Author Carl Safina, here to talk to People for Puget Sound, has seen big moments that provide environmental warnings, but we still rely heavily on fossil fuels.

You don't need a wake-up call unless you're sleeping. The Gulf oil spill has been widely touted as a wake-up call. But who was still sound asleep?

"There is an attempt to make this a pivotal moment," says Carl Safina, author of Song for the Blue Ocean and The Eye of the Albatross, and a former National Audubon Society vice-president, who was in town recently to keynote People For Puget Sound's annual spring breakfast. But "since I was in high school, we've had maybe five pivotal moments." None seems to have set us on a radically different energy course.

We still rely heavily on compressed dead things from the Paleozoic Era and spew more carbon dioxide than ever into the air. Petroleum is still fouling the oceans, and the blanket of CO2 is changing their chemistry.
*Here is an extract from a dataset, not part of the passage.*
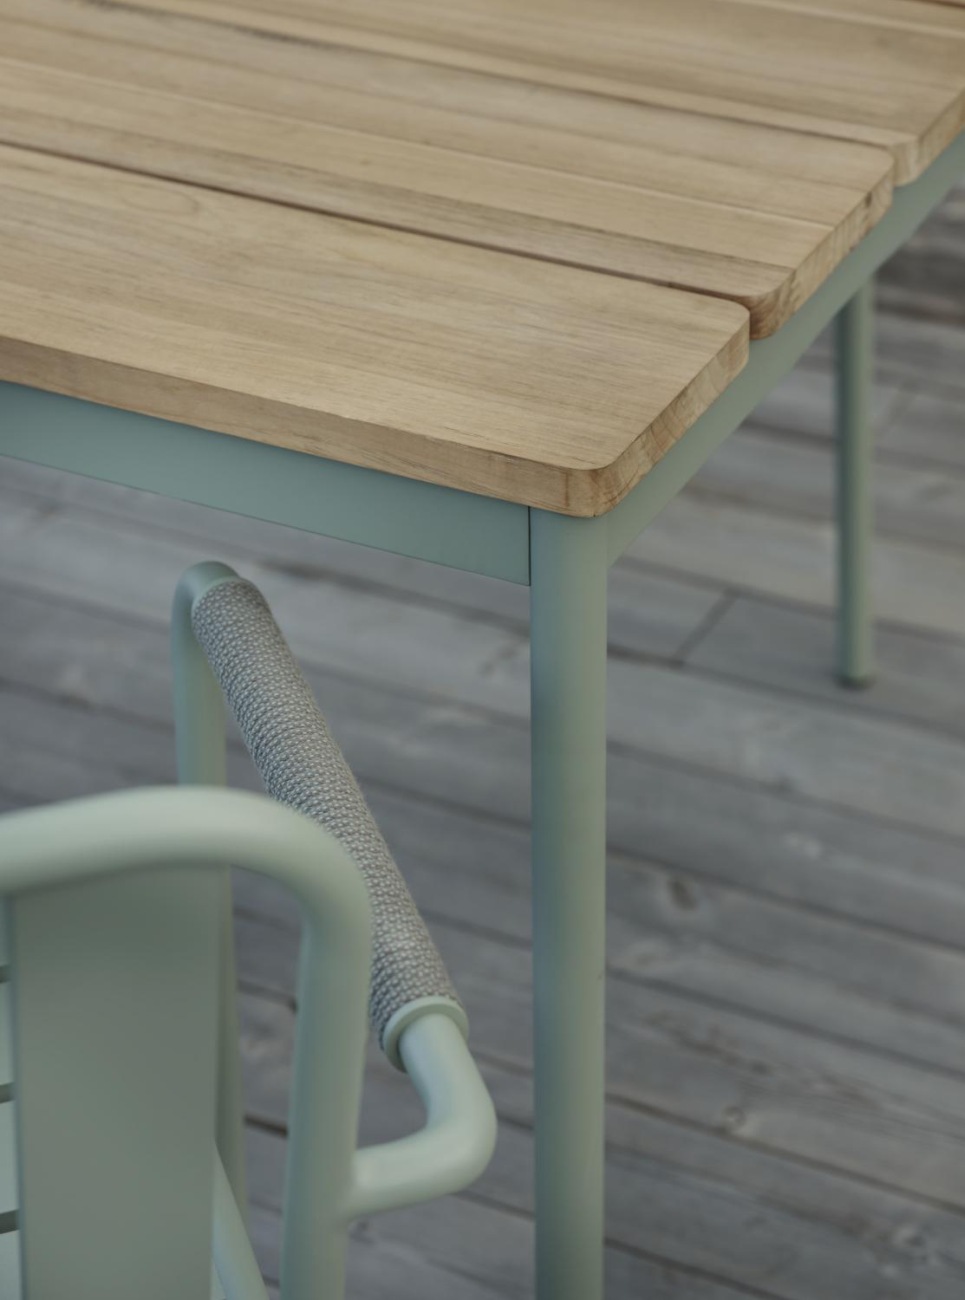 Der Gartenesstisch Nolli überzeugt mit seinem modernen Design. Gefertigt wurde die Tischplatte aus Teakholz und hat einen natürlichen Farbton. Das Gestell ist auch aus Metall und hat eine grüne Farbe. Der Tisch besitzt eine Länge von 240 cm.

The first of those moments was the Santa Barbara oil spill that greeted the brand-new Nixon administration at the start of 1969. An offshore well blew out, crude oil gushed into the Pacific, and images of oil-coated seabirds led the TV news and the major newspapers all over the world.

The Santa Barbara spill is credited with kick-starting the modern environmental movement, and helping inspire a spate of important legislation. Before the year was out, Congress had passed Sen. Henry Jackson's National Environmental Policy Act, and in short order, we also had the Environmental Protection Agency and the first Earth Day.
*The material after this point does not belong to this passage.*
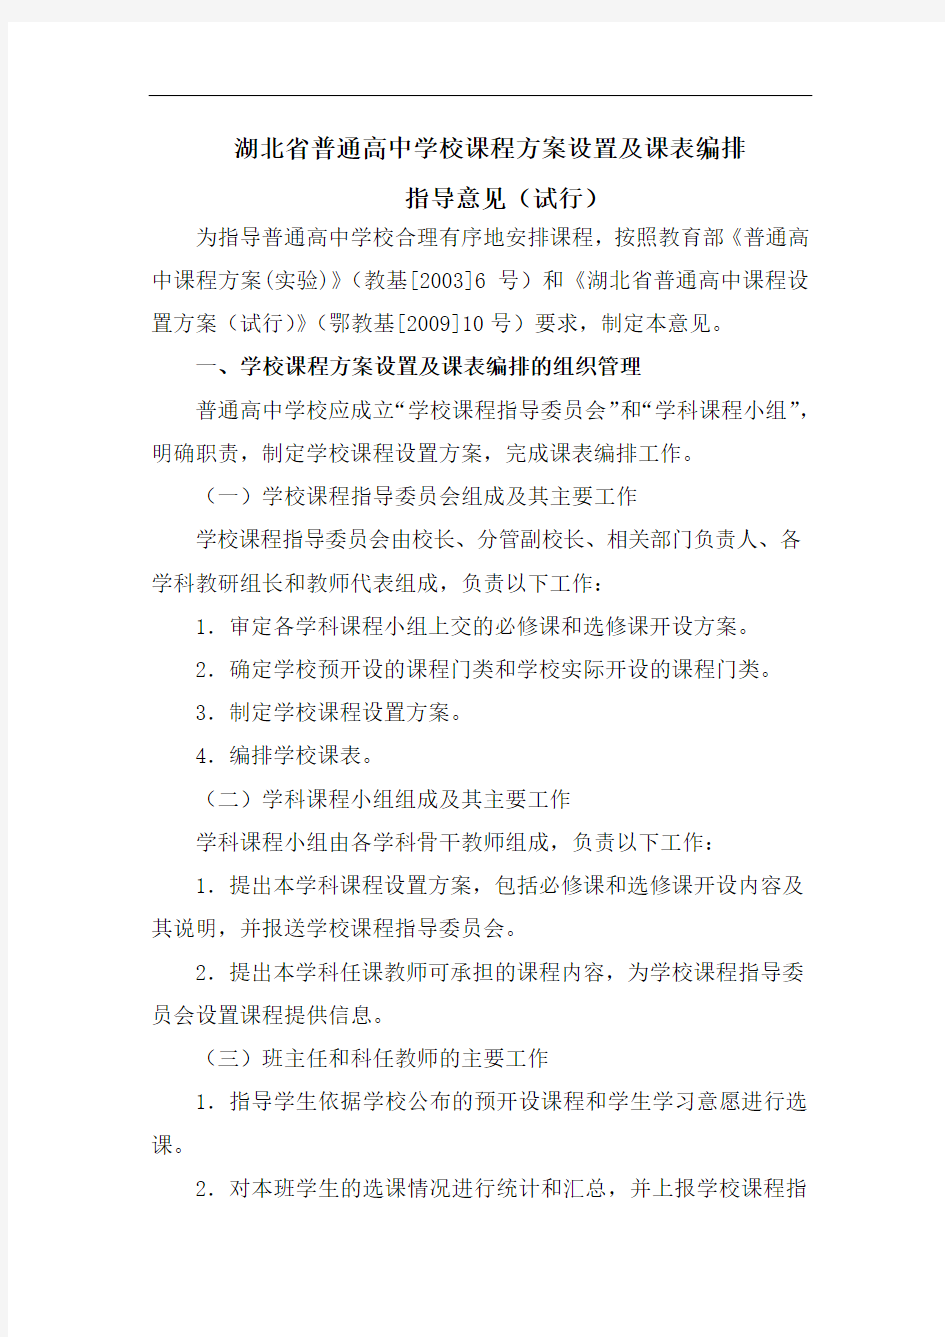 湖北省普通高中学校课程方案设置及课表编排指导意见(试行)

Cleveland's Cuyahoga River catching fire later in 1969 — never mind that it had been catching fire periodically for more than 30 years — became another pivotal moment. Three years later, over Nixon's veto, Congress passed the Clean Water Act.

But energy policy? A different kind of pivotal moment arrived with the Arab oil embargo of 1973-74, when gas prices spiked, supplies fell, and motorists lined up in the dark for a chance to fill their tanks when gas stations opened. People talked about independence from foreign oil producers. The Nixon administration actually launched Project Independence, which was supposed to accomplish just that. Congress established CAFE standards for cars and a 55-mph speed limit. But here we are.

"For 30 years, we've been saying we need diversified energy, clean energy," Safina says. However, when push has come to shove, "we have sat on our asses and we are stuck with the same kind of dirty energy" we relied on back then. (Ironically, the Gulf spill may have doomed the Kerry-Lieberman energy bill, which had been tricked out with a provision for more offshore drilling in an effort to win Republican votes. Offshore drilling will be hard to sell for at least a while, but without it, the votes may not be there for the deeply flawed Kerry-Lieberman — much less a better energy bill.)

Safina isn't saying we should stop drilling tomorrow or even next year — although he is saying that we should not let oil companies keep pushing their Gulf rigs out into deeper water like BP's ill-fated, but aptly named Deepwater Horizon. (In 1989, deepwater drilling accounted for about 3.5 percent of Gulf oil production. Last year, it accounted for about 80 percent.) But that doesn't mean we should tow all our rigs off into the sunset. "No one is saying 'shut the oil industry down,' " he says. "That is a caricature ... a straw man."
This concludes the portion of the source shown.